There are at least two sides to the ongoing displays of anarchy. On the one side are the actual perpetrators, a combination of garden variety hooligans and various types of left-wing activists. On the other side are the supporters and fellow travelers, the timid if shrill coddlers of Black Lives Matter and Antifa, college-educated folk who never met a radical cliché they couldn’t embrace.
I agree with Charles Kesler and Christopher Flannery that the riots have much less to do with the death of George Floyd than with the spirit of the malign, racially inspired and New York Times-endorsed “1619 Project,” an effort to recast the story of America’s founding as a racist plot. The sharp uptick in violence and spectacle of efforts to create “autonomous zones” outside the law has led some of us to invoke 1793 and the murderous excesses of the French Revolution as an illuminating historical analogue as well.
“How They Thirst to be Hangmen!”
And of course we must also keep in mind a third date, one that is still a few months in the future. I mean November 3, 2020, the date of the U.S. presidential election.

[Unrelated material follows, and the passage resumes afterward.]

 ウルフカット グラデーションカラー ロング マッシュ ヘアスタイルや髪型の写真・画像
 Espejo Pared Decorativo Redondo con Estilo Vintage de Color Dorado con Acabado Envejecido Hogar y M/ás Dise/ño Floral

How much of the theatrics we’ve been treated to—the riots, the groundless accusations of universal racism, the posturing by Democratic politicians—how much of all that is served up for the consumption of the nightly news in order to damage Donald Trump? We do not have instruments equipped to make that calculation, though the reality of the case is nevertheless clear enough.
What has not perhaps been appreciated sufficiently is the rancorous psychological dimension of the assiduously cultivated racialist follies roiling America and other Western democracies just now.

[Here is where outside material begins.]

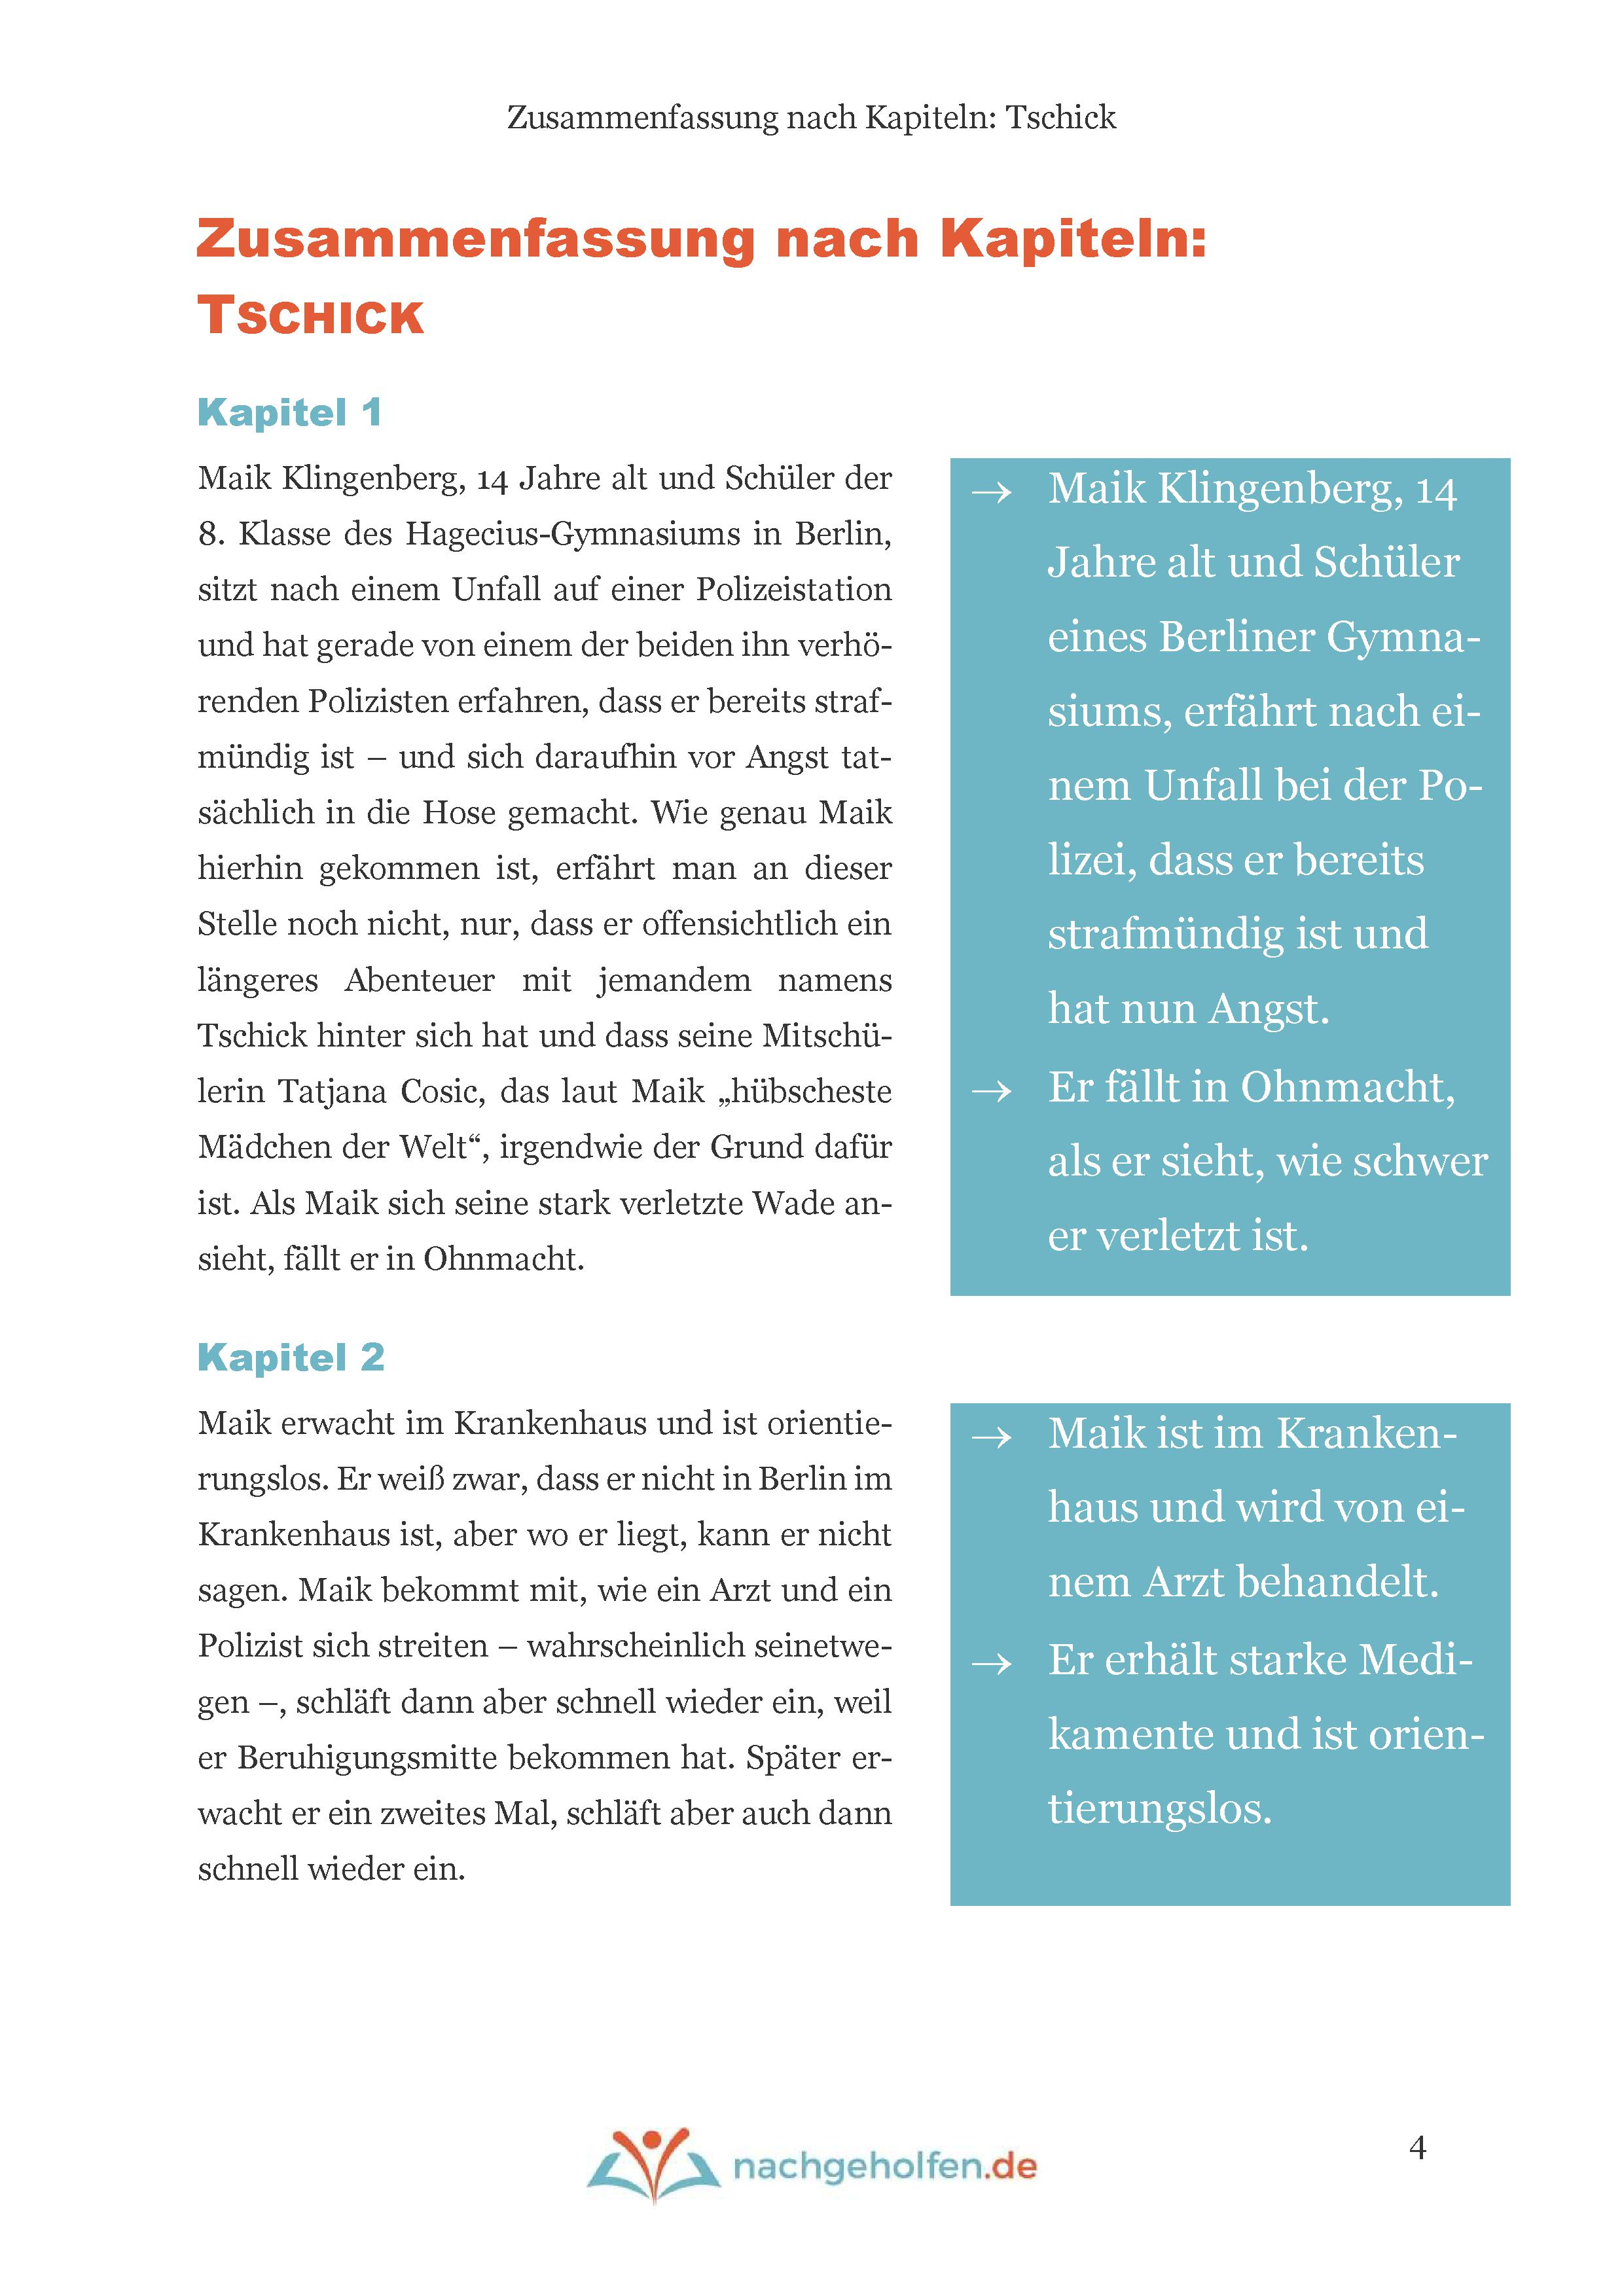 TSCHICK Zusammenfassung und Inhalt auf nachgeholfen.de

For a first glimpse into that story, we might turn to some observations Friedrich Nietzsche made in his 1887 book On the Genealogy of Morals about a certain species of nihilistic self-hatred. “What a display of grand words and postures,” Nietzsche wrote. “What an art of ‘honest’ calumny! . . . [L]et’s admire the skillful counterfeiting with which people here imitate the trademarks of virtue, even its resounding tinkle, the golden sound of virtue.”
Read that column on “Juneteenth” that Joe Biden’s speech writers created for him; attend to the endless—and groundless—accusations of racism that fill the airwaves and brittle communiqués from college presidents and business owners terrified of being called “racists.” Don’t you hear the resounding tinkle of that counterfeit virtue Nietzsche adduced? “They’ve now taken a lease on ‘virtue’ entirely for themselves,” Nietzsche continues.

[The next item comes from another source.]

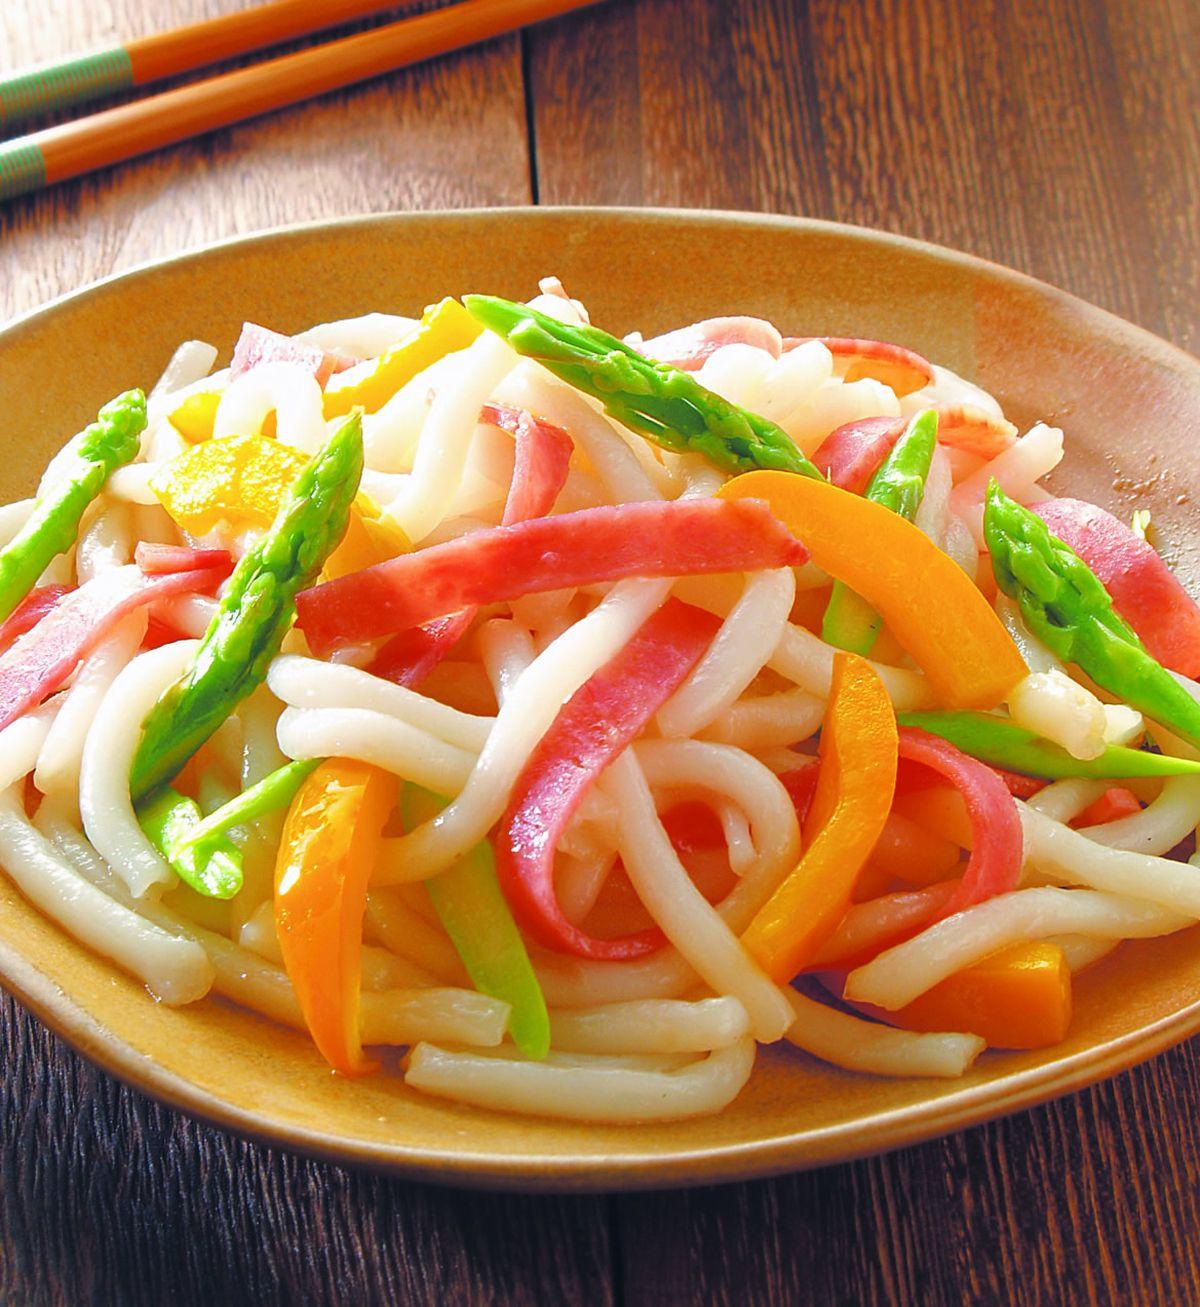 食譜:火腿炒米苔目

“We alone are the good men, the just men”—that’s how they speak: “We alone are the homines bonae voluntatis.” They wander around among us like personifications of reproach, like warnings to us, as if health, success, strength, pride, and a feeling of power were inherently depraved things, for which people must atone someday, atone bitterly.
And then there is the other side of the conviction that virtue is the exclusive prerogative of one’s own tribe: the impulse to judge and punish, the Robespierre expedient. “How they thirst to be hangmen!” Nietzsche noted.
Among them there are plenty of people disguised as judges seeking revenge. They always have the word “Justice” in their mouths, like poisonous saliva, with their mouths always pursed, constantly ready to spit at anything which does not look discontented and goes on its way in good spirits.
Nietzsche may not have the last word about the disgraceful parade of counterfeit virtue tearing at the fabric of American society today, but I think he makes an illuminating first foray. His is not an inquiry that you will see aired on CNN or in the pages of the New York Times, to say nothing of those rancid corridors of pseudo-intellectuality, the American university.